Build a Barrier Around Your Home

Along the same lines of keeping your home’s interior decluttered, cleaning up your yard will reduce the allure it holds for rats and mice.

  • Keep wood piles neat and far away from the home.
  • Refrain from using ground covering that can shelter rodents.
  • Keep your trash sealed with a good lid.
  • Remove scrap wood piles.
  • Keep tools like ladders and wheel barrows hung on walls or stored in a garage.

Trim Back Trees and Shrubs

Rodents are skilled climbers, so a stray branch bridging your yard and the roof of your house is as good as a hotel “Vacancy” sign to a rat. Lopping tree branches and shrubbery that touch or come near your home’s exterior gives rodents one more reason to not bother with your home.

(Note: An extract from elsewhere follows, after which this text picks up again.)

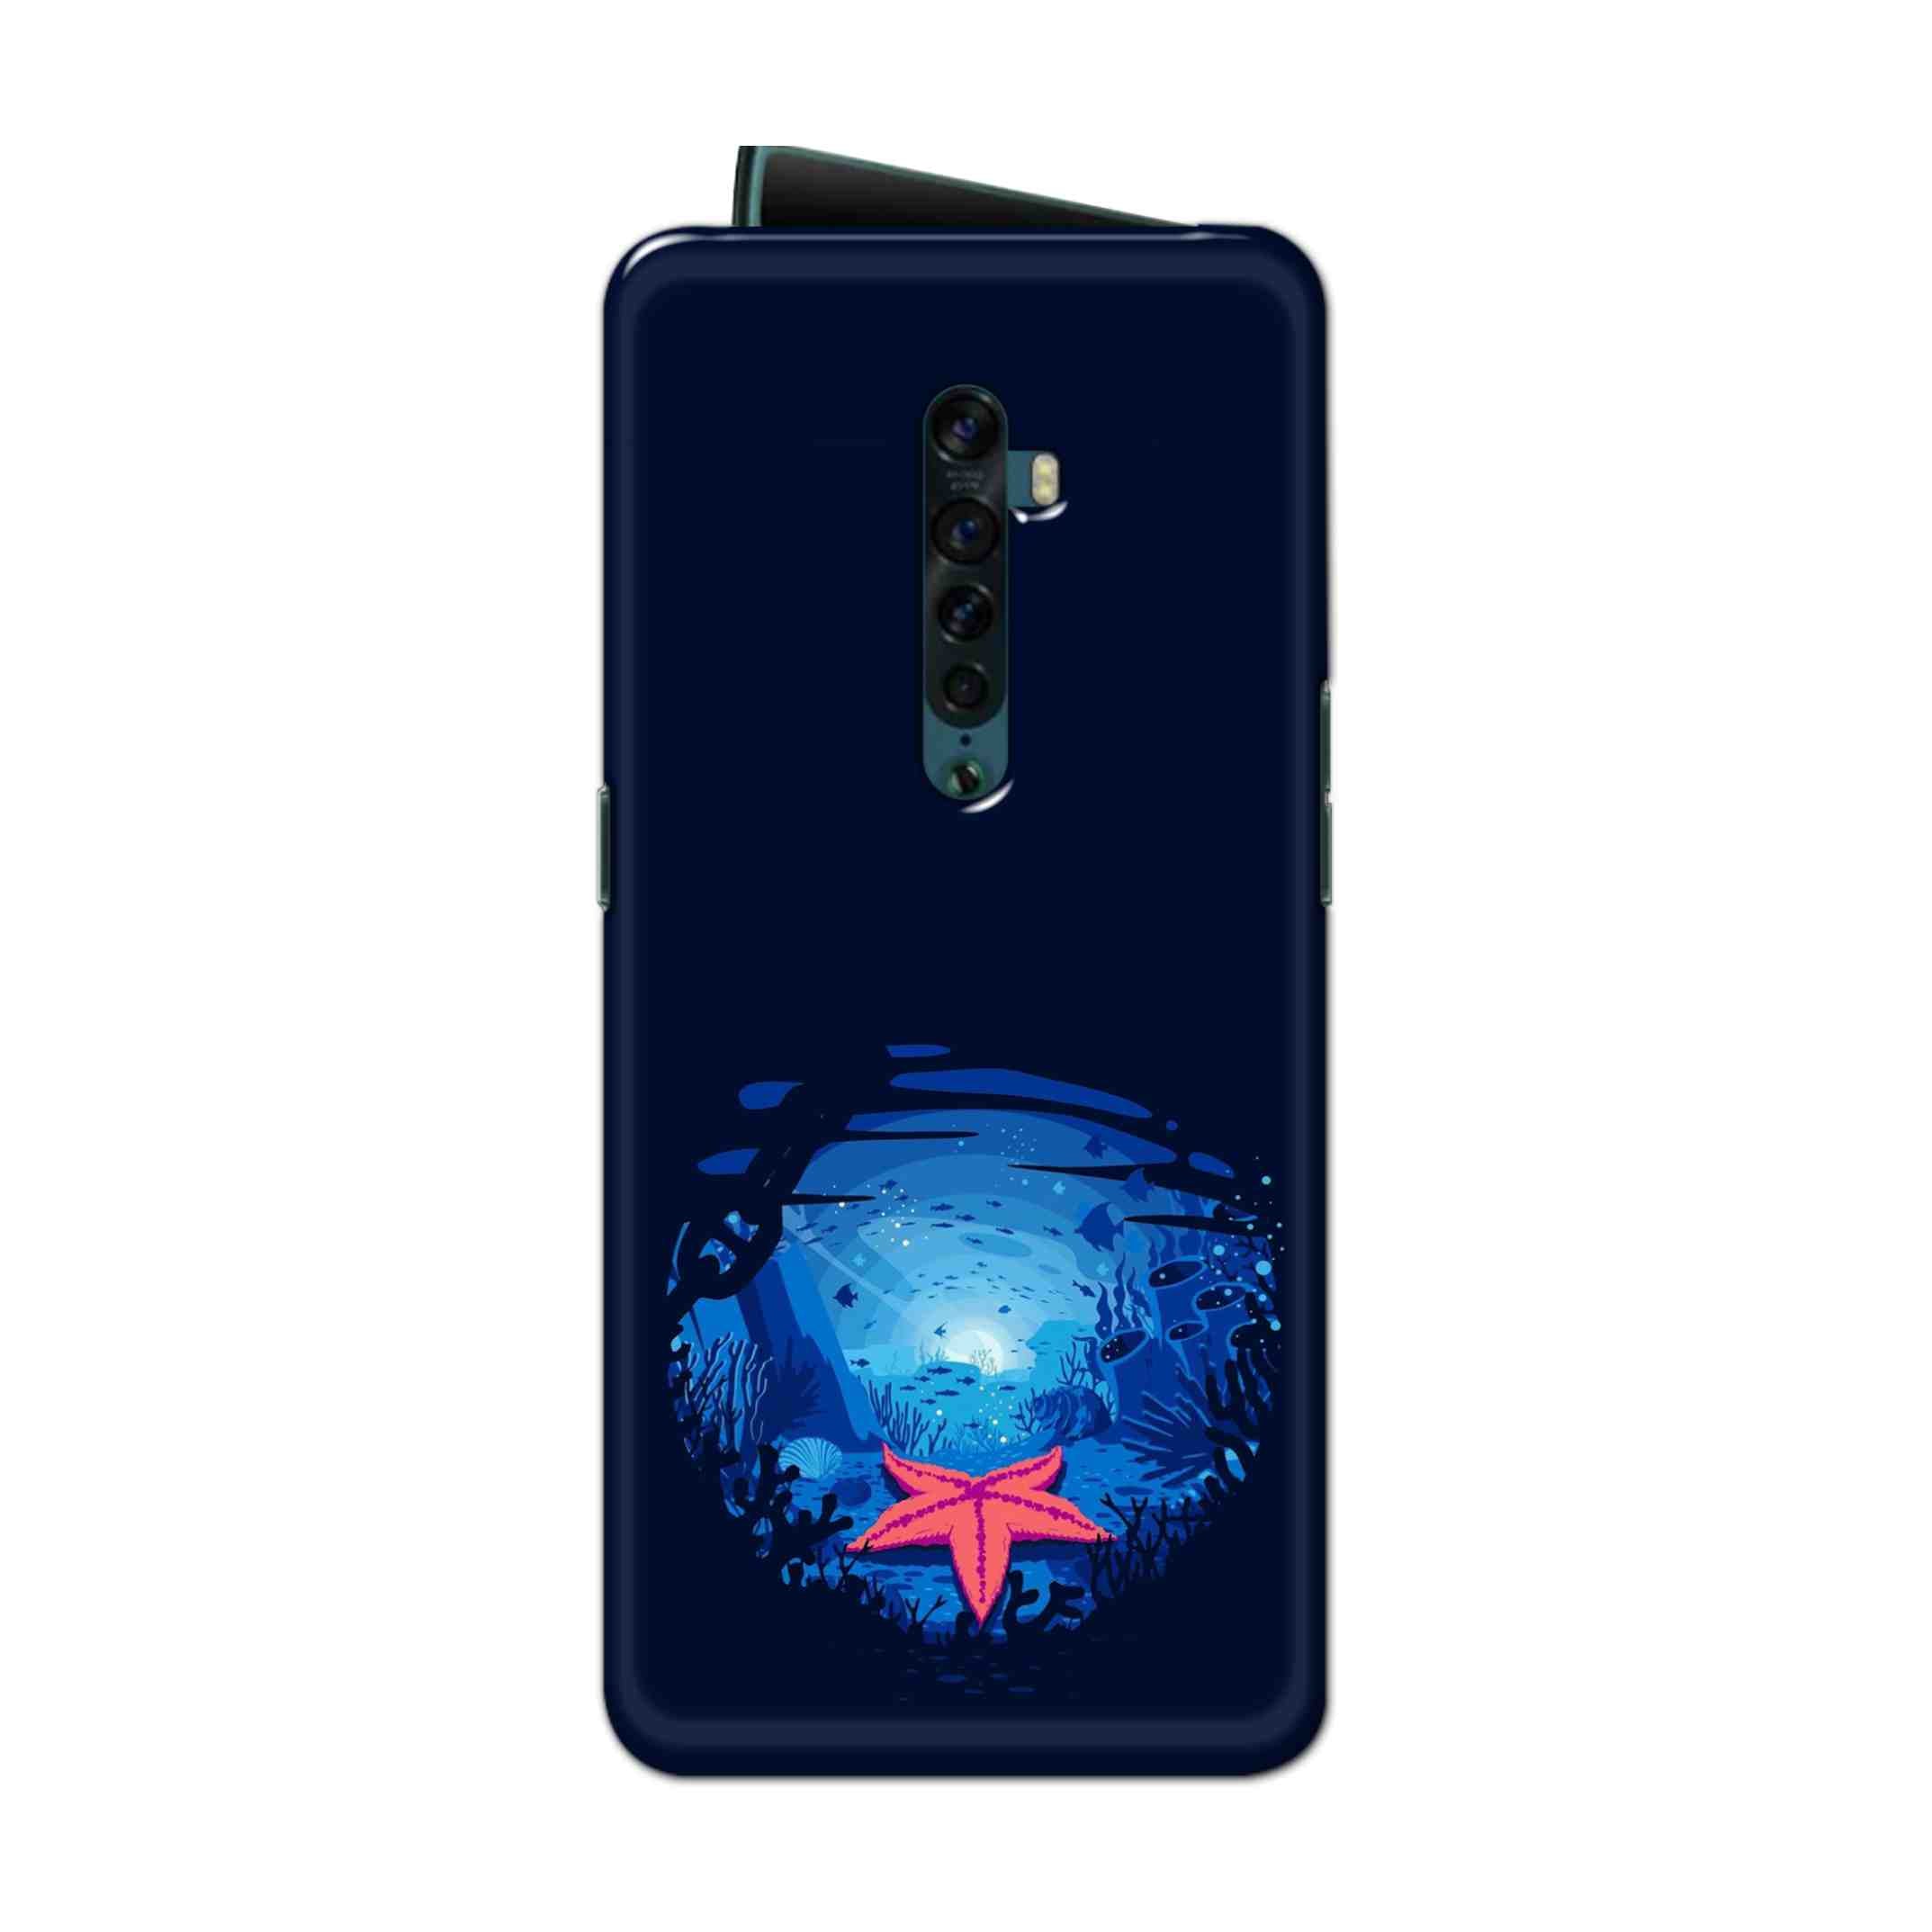 Buy Star Fresh Hard Back Mobile Phone Case Cover For Oppo Reno 2 Online

Use Natural Rodent Repellent

Chemical repellents can have negative effects on humans as well as rodents, so natural options are very attractive. While its difficult to definitively say how effective natural repellent methods are, proponents usually recommend:

  • Essential oils
  • Cayenne Pepper
  • Cloves
  • Ammonia
  • Mothballs

Rodents have keen powers of smell, so most of these work by barraging their noses, ideally steering them clear of your living space.

Set Up Rodent Traps

There’s never any harm in leaving classic snap traps in out-of-the-way places such as attics, crawlspaces, or garages. Even if rodents aren’t active around your home, this will both nip an infestation in the bud, as well as clue you into rodent activity right at the start. Check traps every week, so dead rodents don’t start to stink!

Adopt a Cat

A classic rodent control technique in rural America and Europe: let a cat do the dirty work. Hunting rodents is part of their biology, even for well-fed house cats.

Get Regular Inspections from a Pest Control Company

And finally, a very effective preventative measure is having a local company, like BOG Pest Control, regularly inspect your home for rodent activity or conditions that might be conducive to rodents. Professional exterminators will easily recognize factors that will attract rodents, making prevention that much easier for you.